Start by manually installing PyTorch. See the PyTorch website for installation instructions specific to your platform.

Then, clone this repository and install the other dependencies with pip3:

git clone https://github.com/facebookresearch/modeling_long_term_future.git
cd modeling_long_term_future
pip3 install --editable .

Create a new conda env using env.yml in the repo

Training teacher

We use the BabyAI Pickup-Unlock game.

First train the teacher (for imitation learning) using PPO with curriculum learning. Start with a room size of 6 and then work our way up to room size of 15.

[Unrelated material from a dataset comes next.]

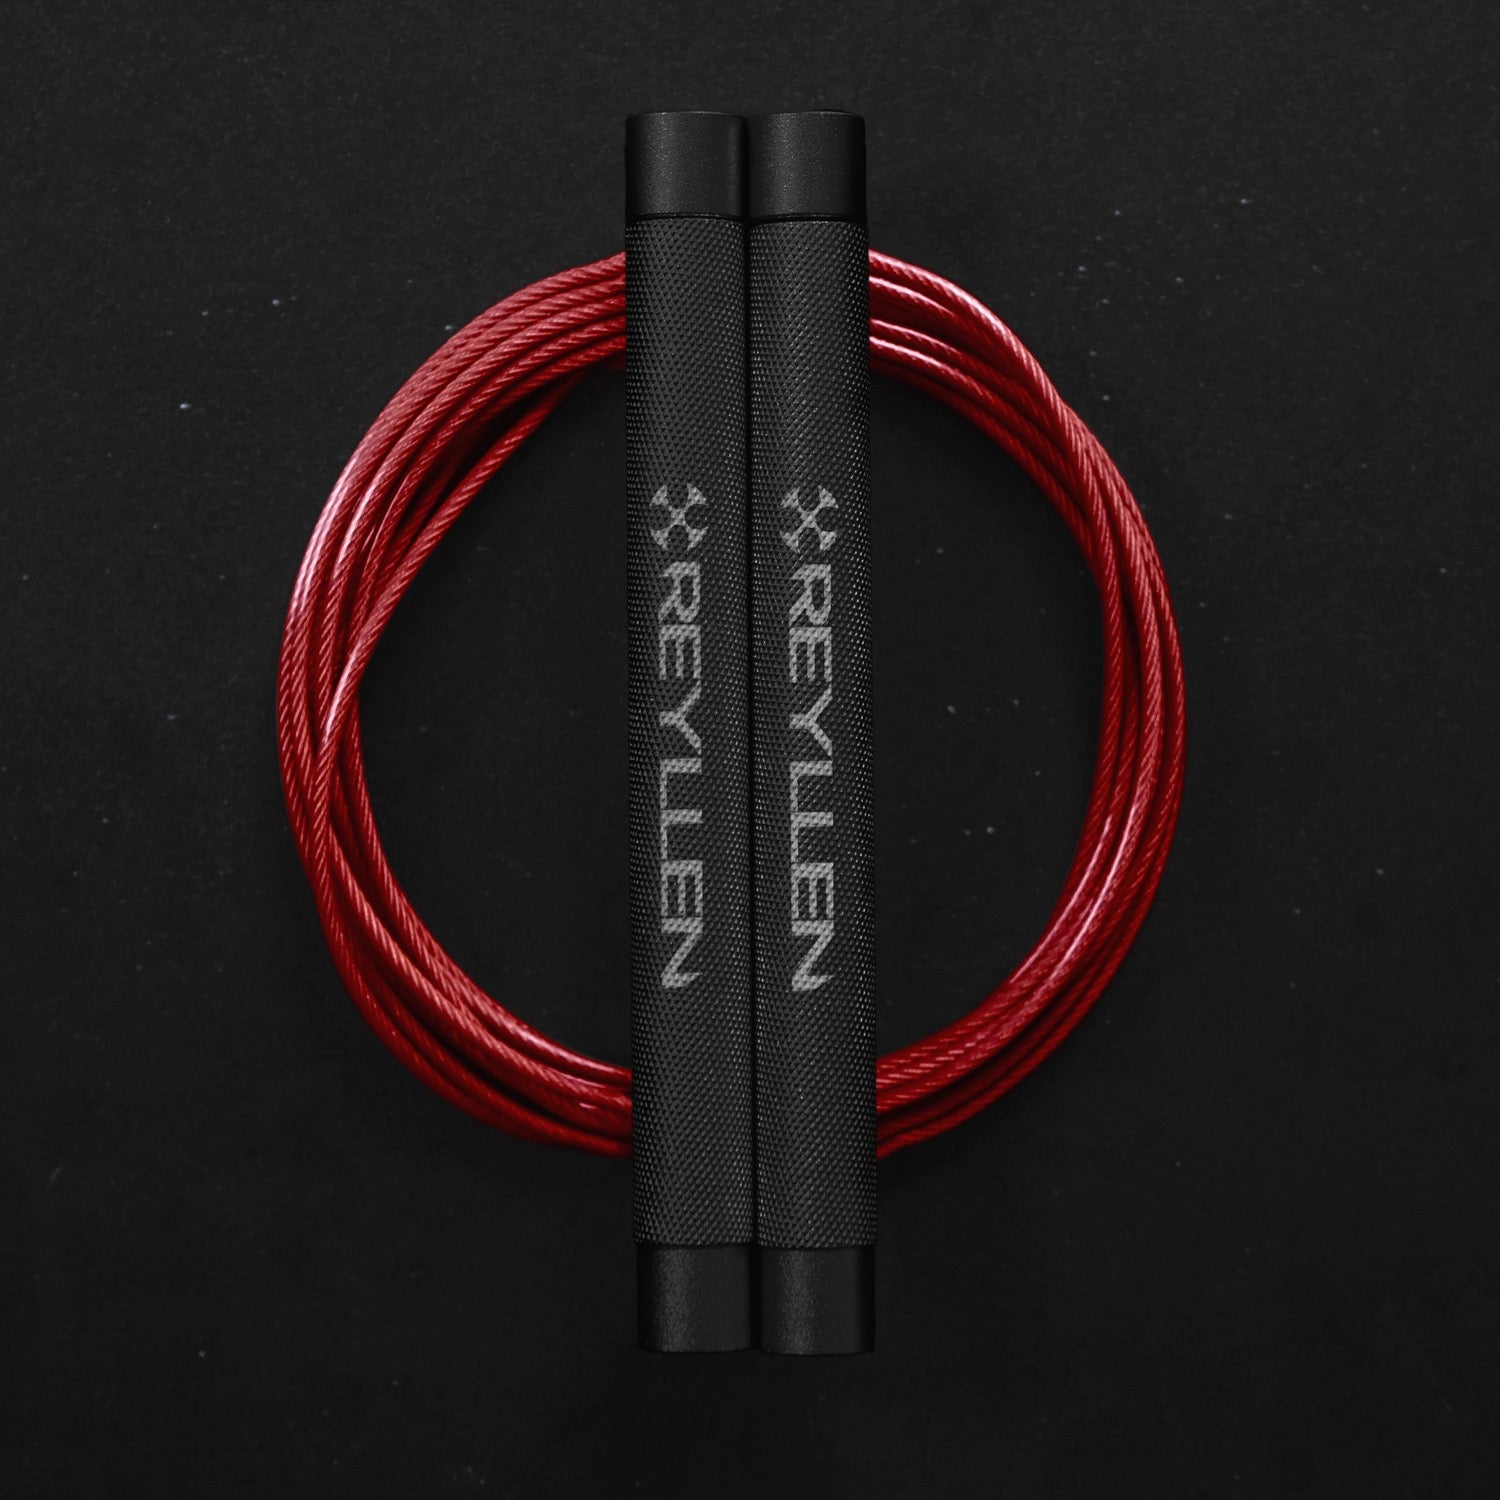 Reyllen Flare Mx Speed Skipping Jump Rope - Aluminium Handles - black with red pvc cable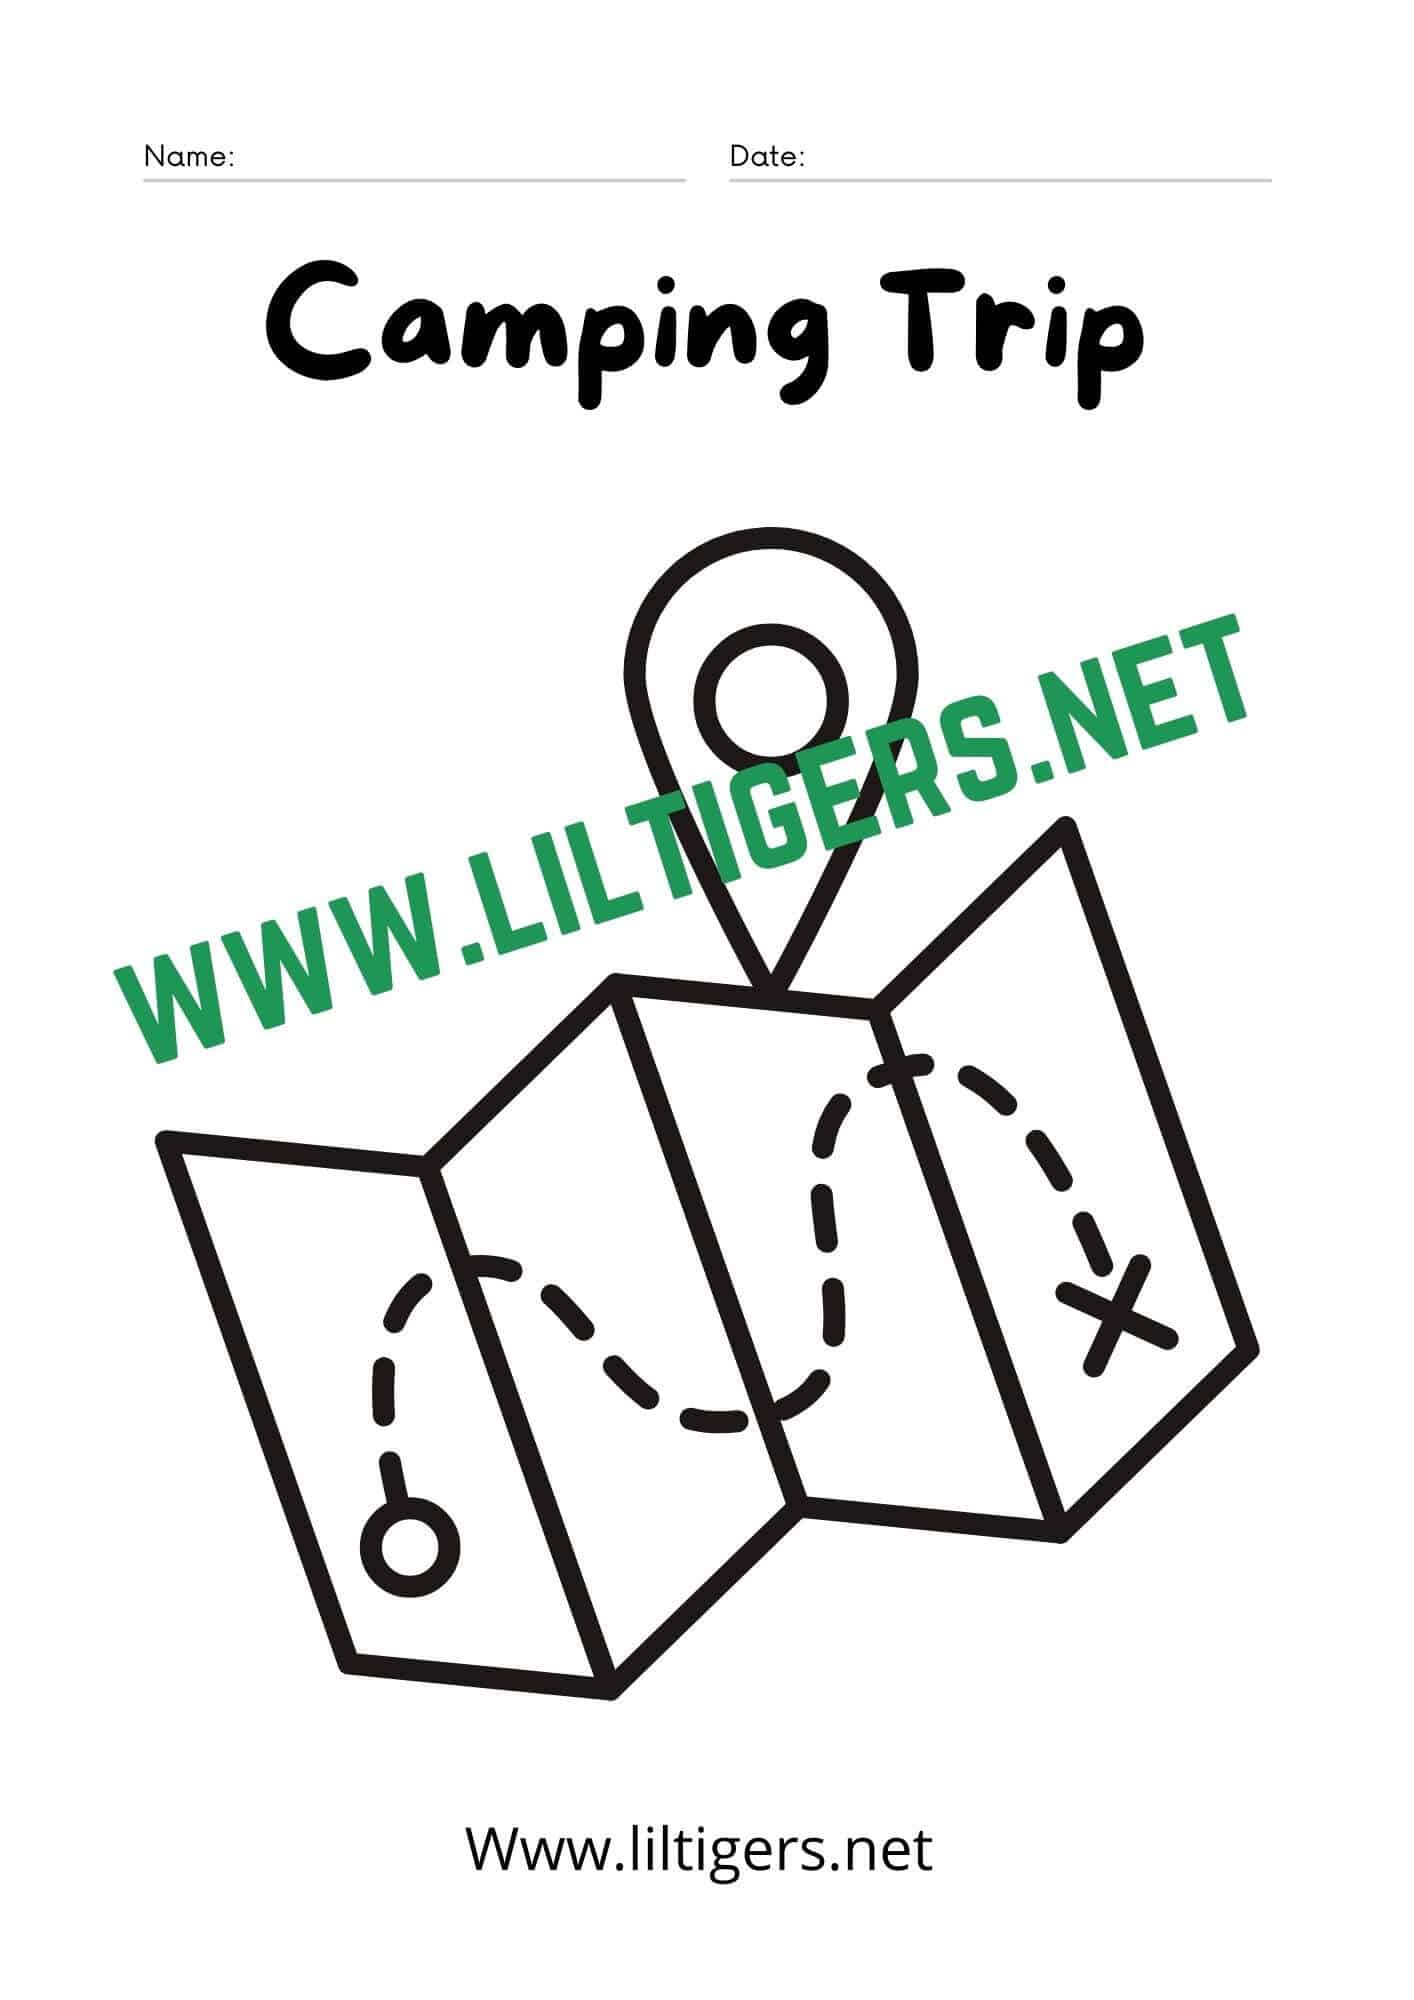 Camping map coloring page

python3 -m scripts.train_curclm. --env BabyAI-UnlockPickup-v0  --algo ppo   --arch cnn1 --tb --seed 1 --save-interval 10 --room-size 6
python3 -m scripts.train_curclm. --env BabyAI-UnlockPickup-v0  --algo ppo   --arch cnn1 --tb --seed 1 --save-interval 10 --room-size 8 --model MODEL_ROOM6_PRETRAINED
python3 -m scripts.train_curclm. --env BabyAI-UnlockPickup-v0  --algo ppo   --arch cnn1 --tb --seed 1 --save-interval 10 --room-size 10 --model MODEL_ROOM8_PRETRAINED
python3 -m scripts.train_curclm. --env BabyAI-UnlockPickup-v0  --algo ppo   --arch cnn1 --tb --seed 1 --save-interval 10 --room-size 12 --model MODEL_ROOM10_PRETRAINED
python3 -m scripts.train_curclm. --env BabyAI-UnlockPickup-v0  --algo ppo   --arch cnn1 --tb --seed 1 --save-interval 10 --room-size 15 --model MODEL_ROOM12_PRETRAINED

Generate expert trajectories

Generate expert trajectories from the experts trained using curriculum learning

mnkdir data
python3 -m scripts.gen_samples --episodes 10000 --env BabyAI-UnlockPickup-v0 --model pretrained_model_room_10 --room 10

Training the student to imitate the expert

To run our model

python3 -m scripts.zforcing_main_state_dec --env BabyAI-UnlockPickup-v0 --datafile EXPERT_DATA_TO_LOAD --model MODEL_NAME --eval-episodes 100 --eval-interval 200  --bwd-weight 0.0 --lr 1e-4 --aux-weight-start 0.0001 --bwd-l2-weight 1. --kld-weight-start 0.2  --aux-weight-end 0.0001  --room 10

To run the baseline

python3 -m scripts.zforcing_main_state_dec --datafile EXPERT_DATA_TO_LOAD --env BabyAI-UnlockPickup-v0 --model MODEL_NAME --eval-episodes 100 --eval-interval 200  --bwd-weight 0.0 --lr 1e-4 --aux-weight-start 0.000 --aux-weight-end 0.0 --room 10

License

Find license in LICENSE file.